When terror strikes


Terrorist attacks have tragically become a common occurrence. There was Charlie Hebdo and the Hyper Cacher attacks in Paris in January 2015, which killed 11 people; the Charleston church shooting in June 2015 that took nine lives; the suicide bombings and mass shootings in Paris in November that killed 130. The same month, a pair of suicide bombers killed 43 in Beirut; and in December, 14 were killed in the San Bernardino shooting that shocked the nation. And the list goes on.

The goal of these attacks is to terrorize, divide and push victims to overreact. Yet, efforts to react “just right” never seem satisfactory. Last week was no exception. In this case, President Barack Obama was criticized for continuing his state visit to Cuba, which on the day of the Brussels attacks took him to view the national pastime of both the United States and the island nation — a baseball game.

The game began with a moment of silence for the dead in Brussels. But the sight of Obama in the stands with Cuban President Raul Castro was too much for some. Republican presidential candidate Sen. Ted Cruz of Texas, himself of Cuban descent, called on Obama to suspend his trip and return home — or fly to Brussels. Former New York City Mayor Rudy Giuliani said Obama’s behavior was like “Franklin Roosevelt remaining at Warm Springs when the Japanese bombed Pearl Harbor.”

Roosevelt was actually at the White House when he learned that Pearl Harbor had been attacked. But if he had all the communications technology currently available to a modern president, FDR could have just as easily monitored the situation, conferred with his advisers and congressional leaders and addressed the country from Warm Springs. We are now in the 21st century, and the president is never out of touch.

That said, we agree that the optics on this one were not great. Modern presidents, who are constantly under public scrutiny, can’t help but seem to be doing the wrong thing at times, just as former President George W. Bush was criticized for continuing to read to school children while the Twin Towers were coming down.

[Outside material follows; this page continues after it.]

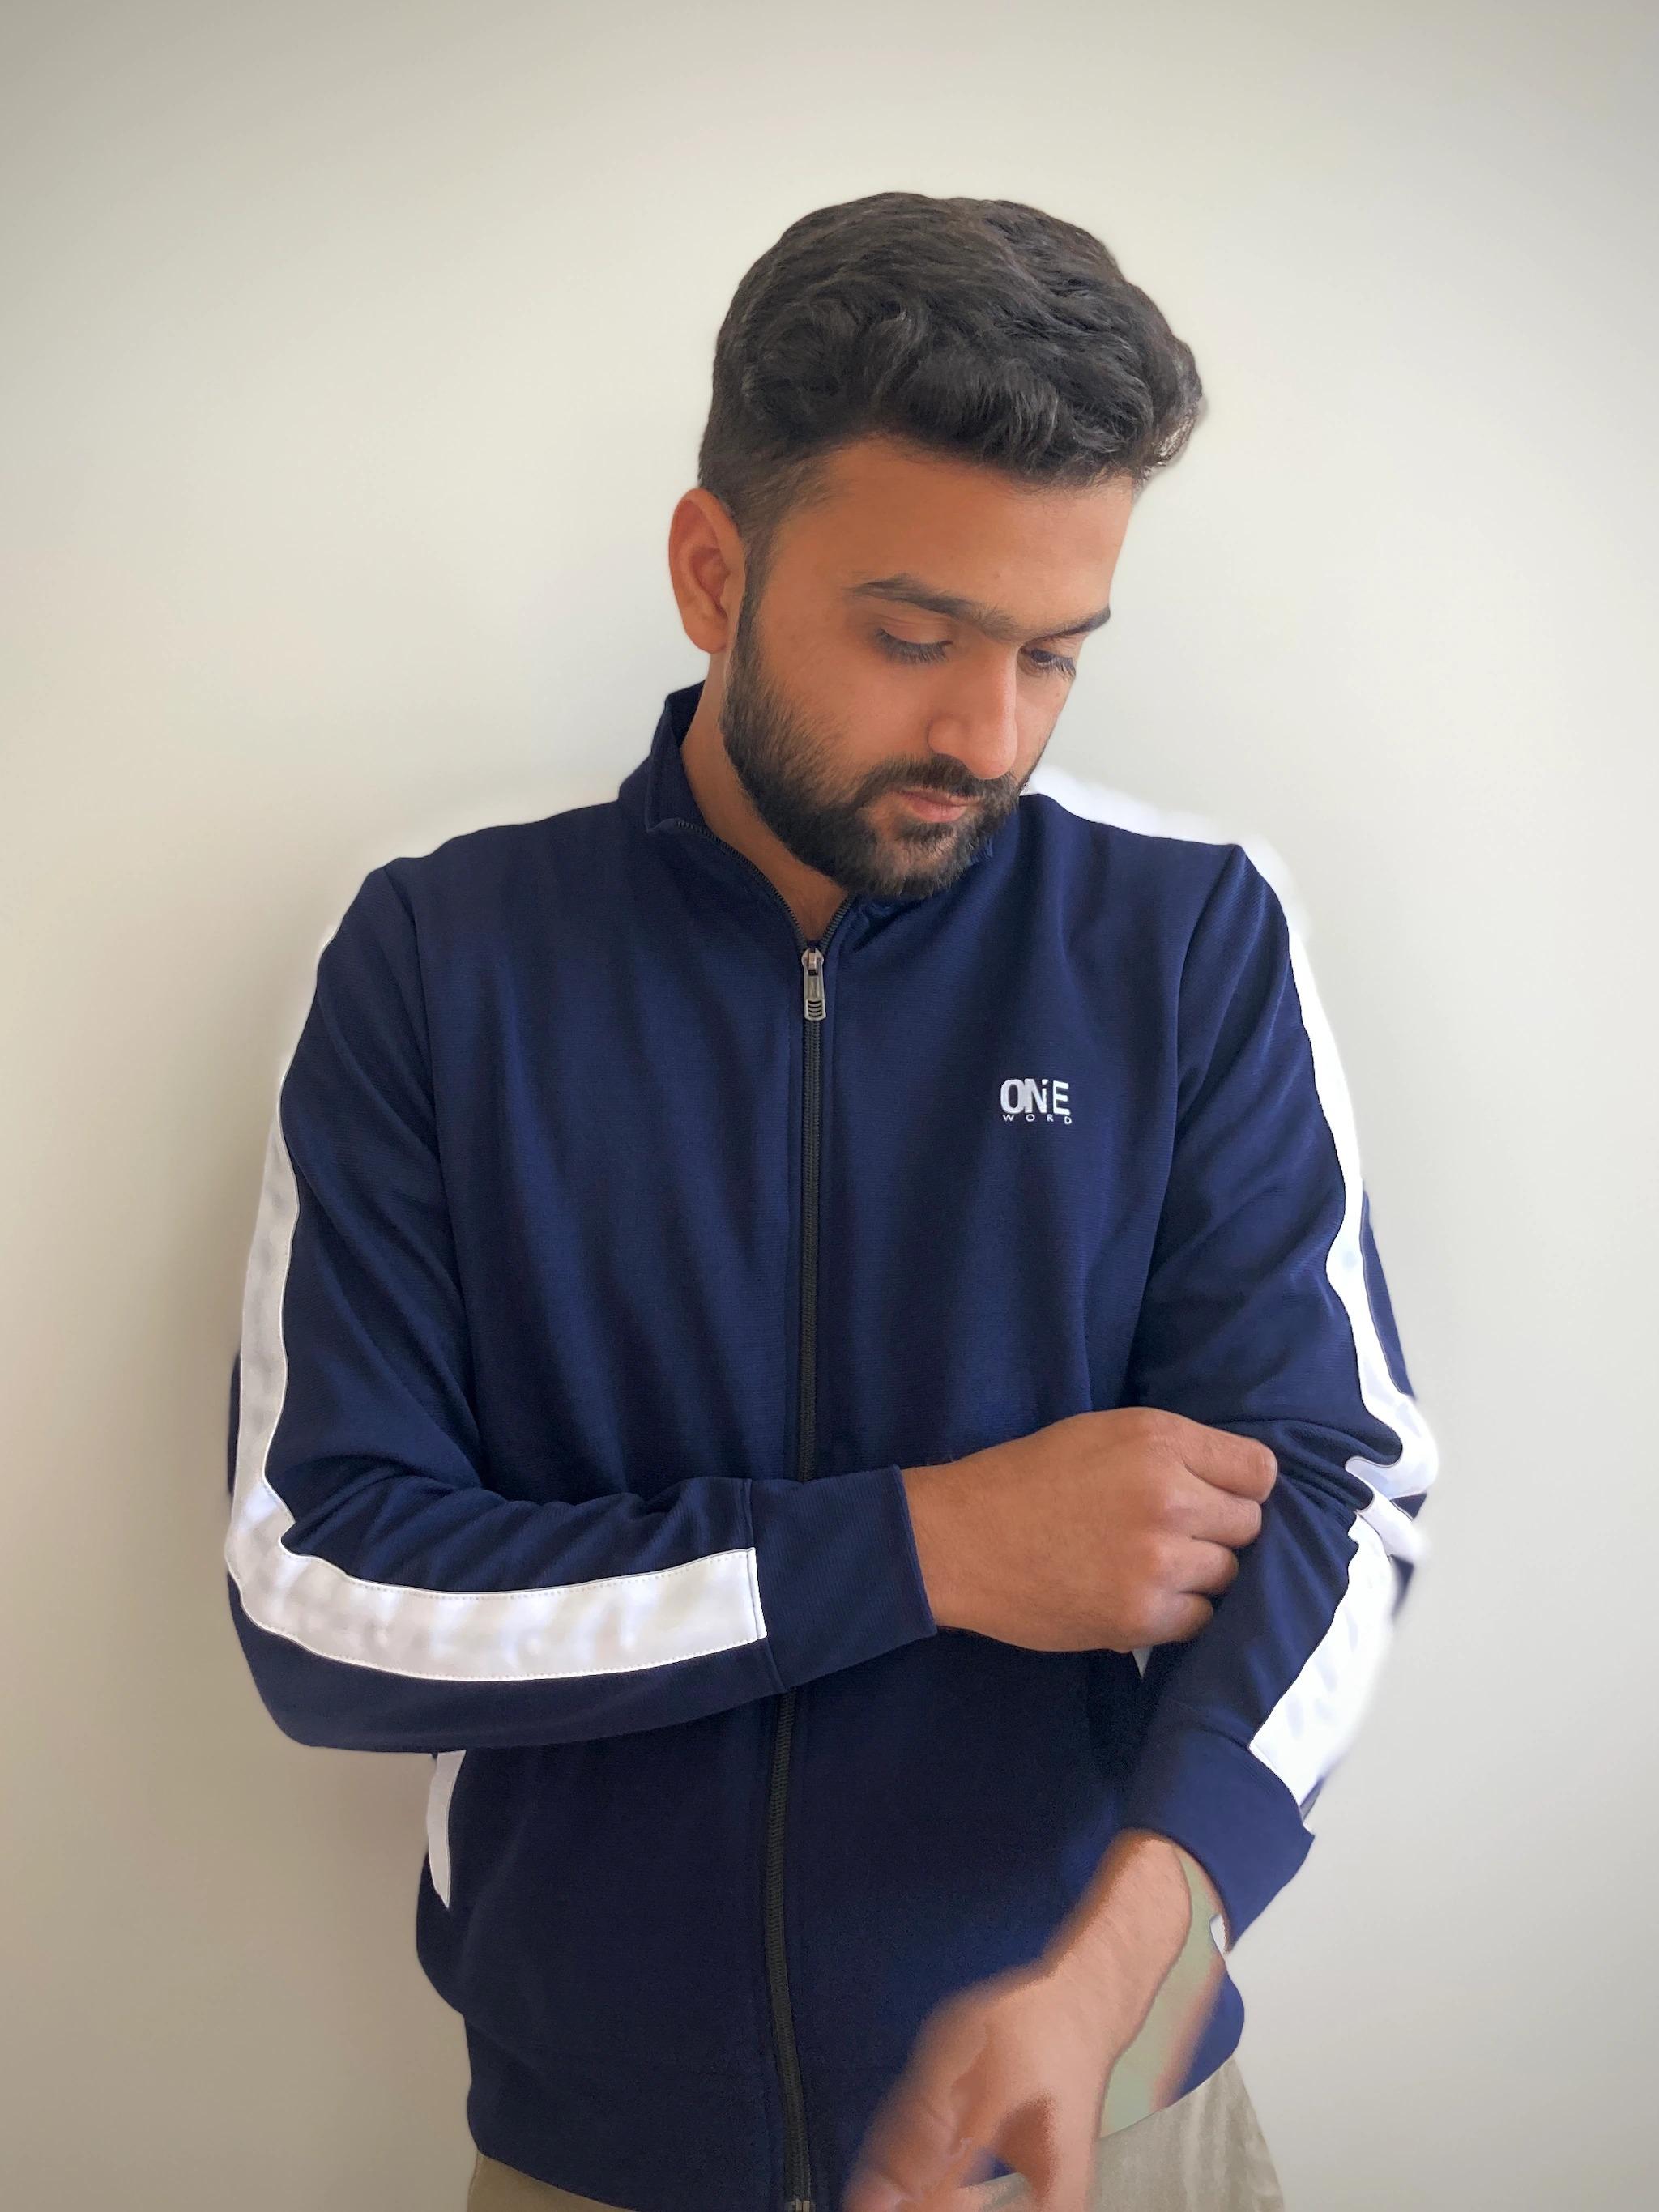 One Word Navy Blue Track Jacket (XL)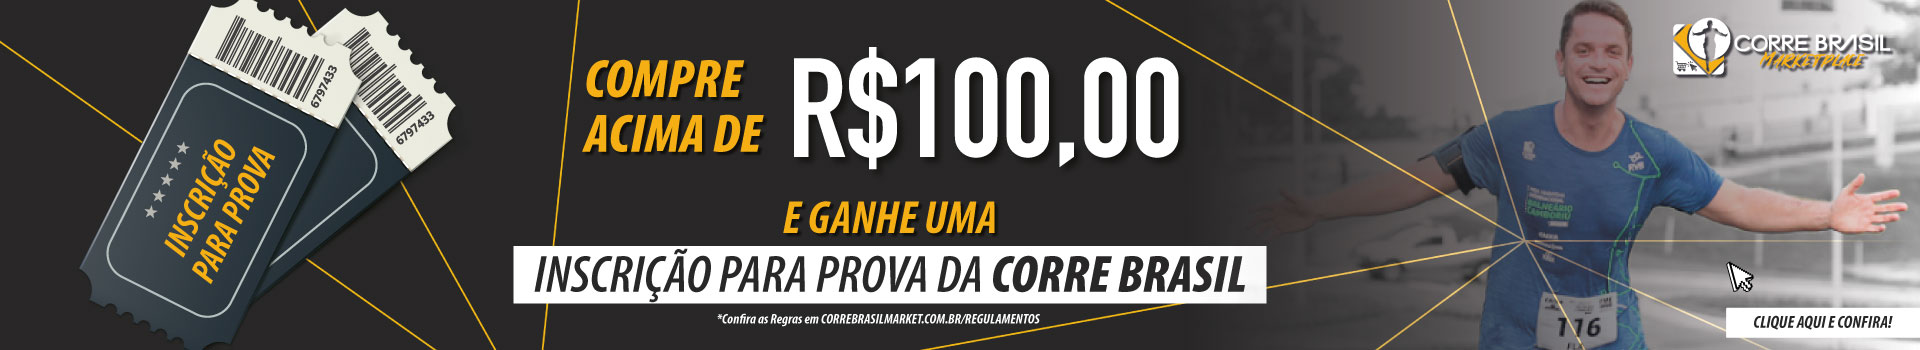 Corre Brasil Marketplace

The attacks in Brussels, and the long list of incidents that preceded them, show that we’re in this fight against global terror for the long run. Part of the fight means continuing to live our lives. That doesn’t mean terror should be ignored or that we should be less vigilant. But we are not a people under siege, and few among us are willing to live as such. For this simple reason, the criticism of the president’s decision to continue with scheduled activities in Cuba rings hollow.